The question is pretty simple. I'm trying to replace "\U" throughout a vector of strings, and for this I'm using the package {stringr}, but I'm having issues matching the pattern.

text <- "\U0001f517"

stringr::str_detect(text, "\U")
#> Error: '\U' used without hex digits in character string starting ""\U"

stringr::str_detect(text, "\\U")
#> Error in stri_detect_regex(string, pattern, negate = negate, opts_regex = opts(pattern)) : 
#>   Unrecognized backslash escape sequence in pattern. (U_REGEX_BAD_ESCAPE_SEQUENCE, context=`\U`)

stringr::str_detect(text, "\\\U")
#> Error: '\U' used without hex digits in character string starting ""\\\U"

stringr::str_detect(text, "\\\\U")
#> FALSE

stringr::str_detect(text, "\\\\\U")
#> Error: '\U' used without hex digits in character string starting ""\\\\\U"

stringr::str_detect(text, "\\\\\\U")
#> Error in stri_detect_regex(string, pattern, negate = negate, opts_regex = opts(pattern)) : 
#>   Unrecognized backslash escape sequence in pattern. (U_REGEX_BAD_ESCAPE_SEQUENCE, context=`\\\U`)

stringr::str_detect(text, "\\\\\\\U")
#> Error: '\U' used without hex digits in character string starting ""\\\\\\\U"

# ... you get the idea

As far as I can tell, this issue is because the regex engine sees "\U" as indicating the beginning of a new hex code, as indicated by the first error. Other characters work fine:

text <- "\a0001f517"

stringr::str_detect(text, "\a")
#> TRUE

I've seen other questions around this issue, e.g. here, but still can't get this to work.

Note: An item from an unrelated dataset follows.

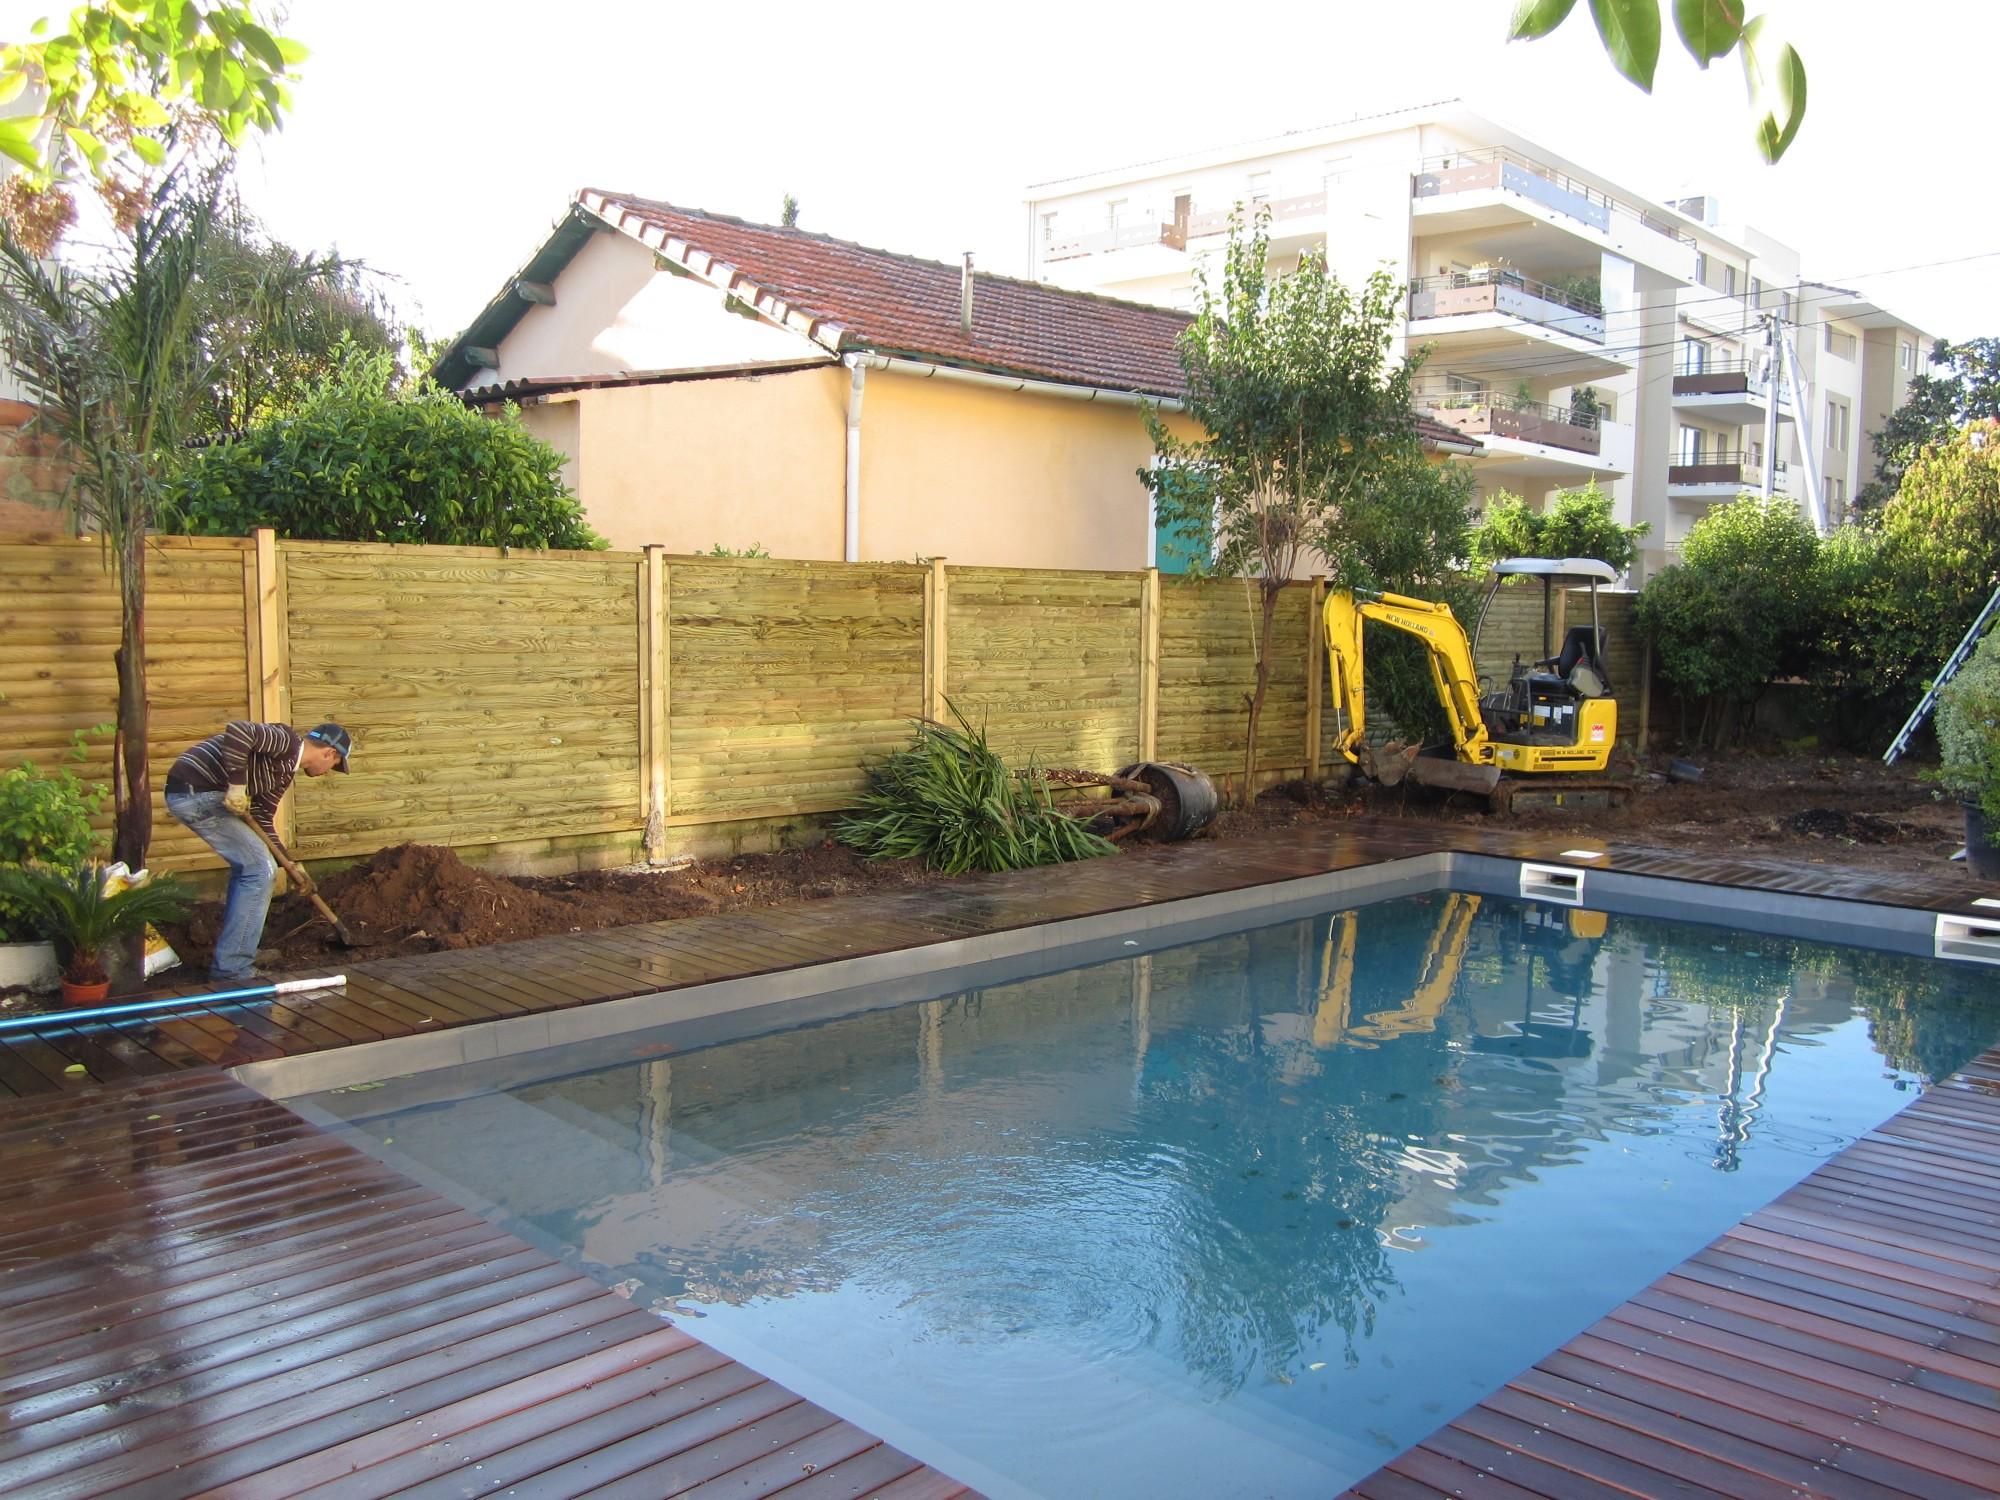 Cr ation d 39 un espace paysager en bord de piscine vert tige - Taxe d amenagement piscine ...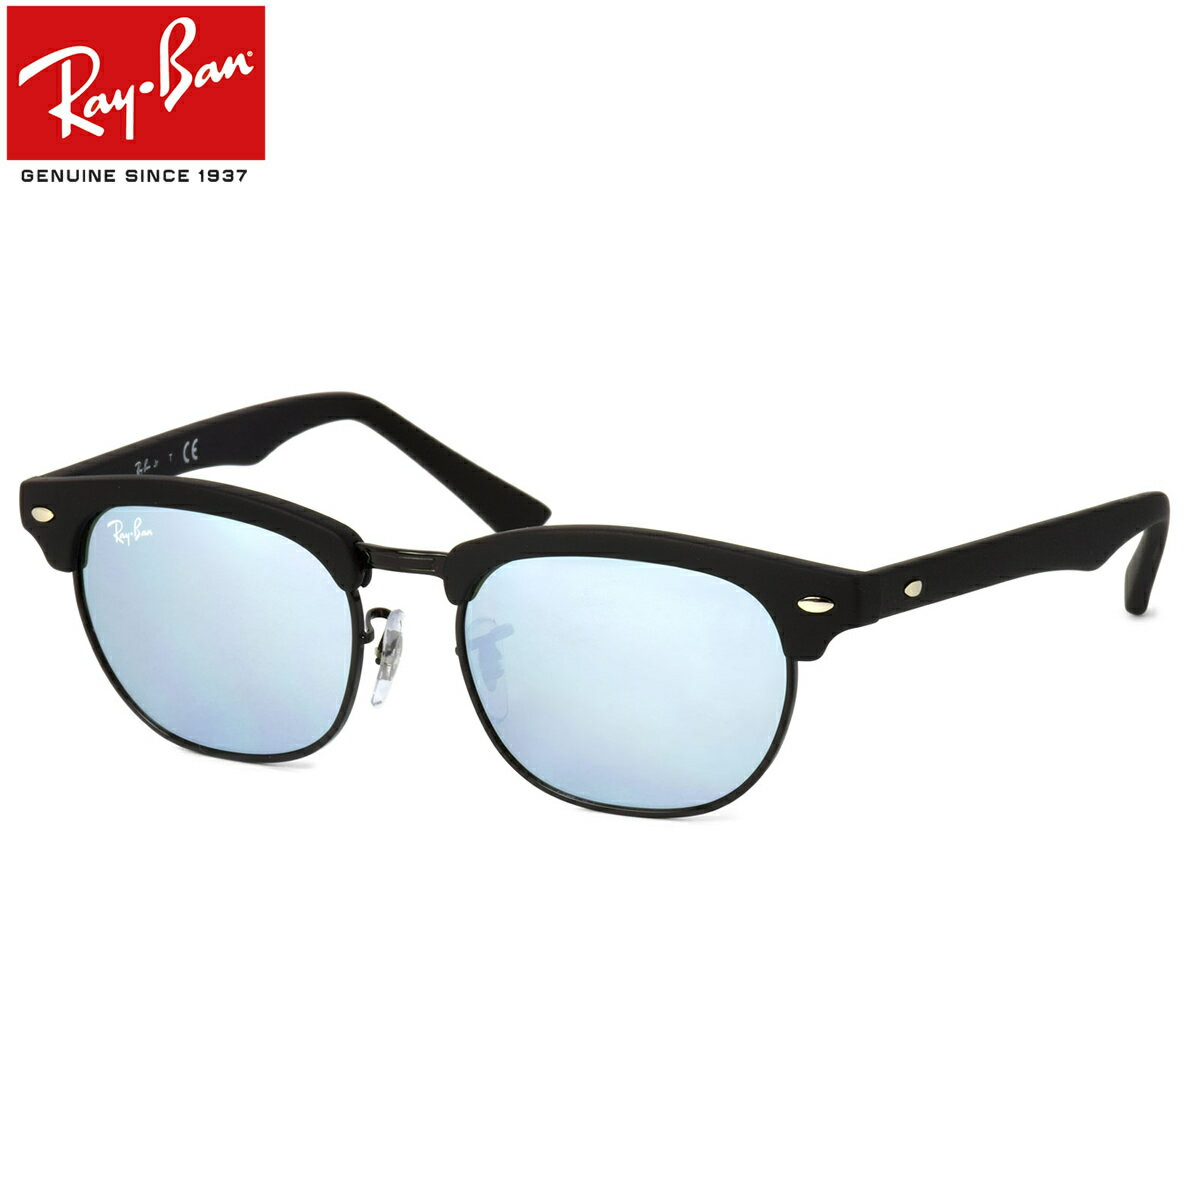 Ray-Ban レイバン サングラスRJ9050S 100S30 45サイズ 47サイズクラブマスター ジュニア CLUBMASTER JUNIOR スクエア ブローレイバン RayBan 子供用 キッズ用

Can anyone give me a working regex for this?

wurli
  • 2,314
  • 10
  • 17
  • 2
    ``\U`` in ``text <- "\U0001f517"`` is not a separate char sequence, it is part of the Unicode character code point notation. `text` is in fact ``. ``"\a"`` is a single character, `\u0007` (run ``"\a" == '\x07'`` that outputs "TRUE"). – Wiktor Stribiżew Sep 27 '21 at 08:46
  • Aha! Think I understand. So I would actually need the original string to be something like `"\\U0001f517"` then? – wurli Sep 27 '21 at 08:48
  • I am not sure if I fully understand your question but perhaps the following post can be of help: https://stackoverflow.com/questions/25424382/replace-single-backslash-in-r – user16949460 Sep 27 '21 at 08:48
  • @user16949460 No, it is not about replacing backslashes. – Wiktor Stribiżew Sep 27 '21 at 08:48
  • 1
    `library(utf8)` and then `utf8_encode(text)` – Wiktor Stribiżew Sep 27 '21 at 08:56
  • @Wiktor Stribiżew Thank you, that's perfect! If you'd like to write up that as a standalone answer I'll happily accept it :) – wurli Sep 27 '21 at 09:01

1 Answers1

4

\U in your text <- "\U0001f517" is not a separate char sequence, it is part of the Unicode character code point notation. The literal text in the text variable is in fact , you can easily check that using cat(text).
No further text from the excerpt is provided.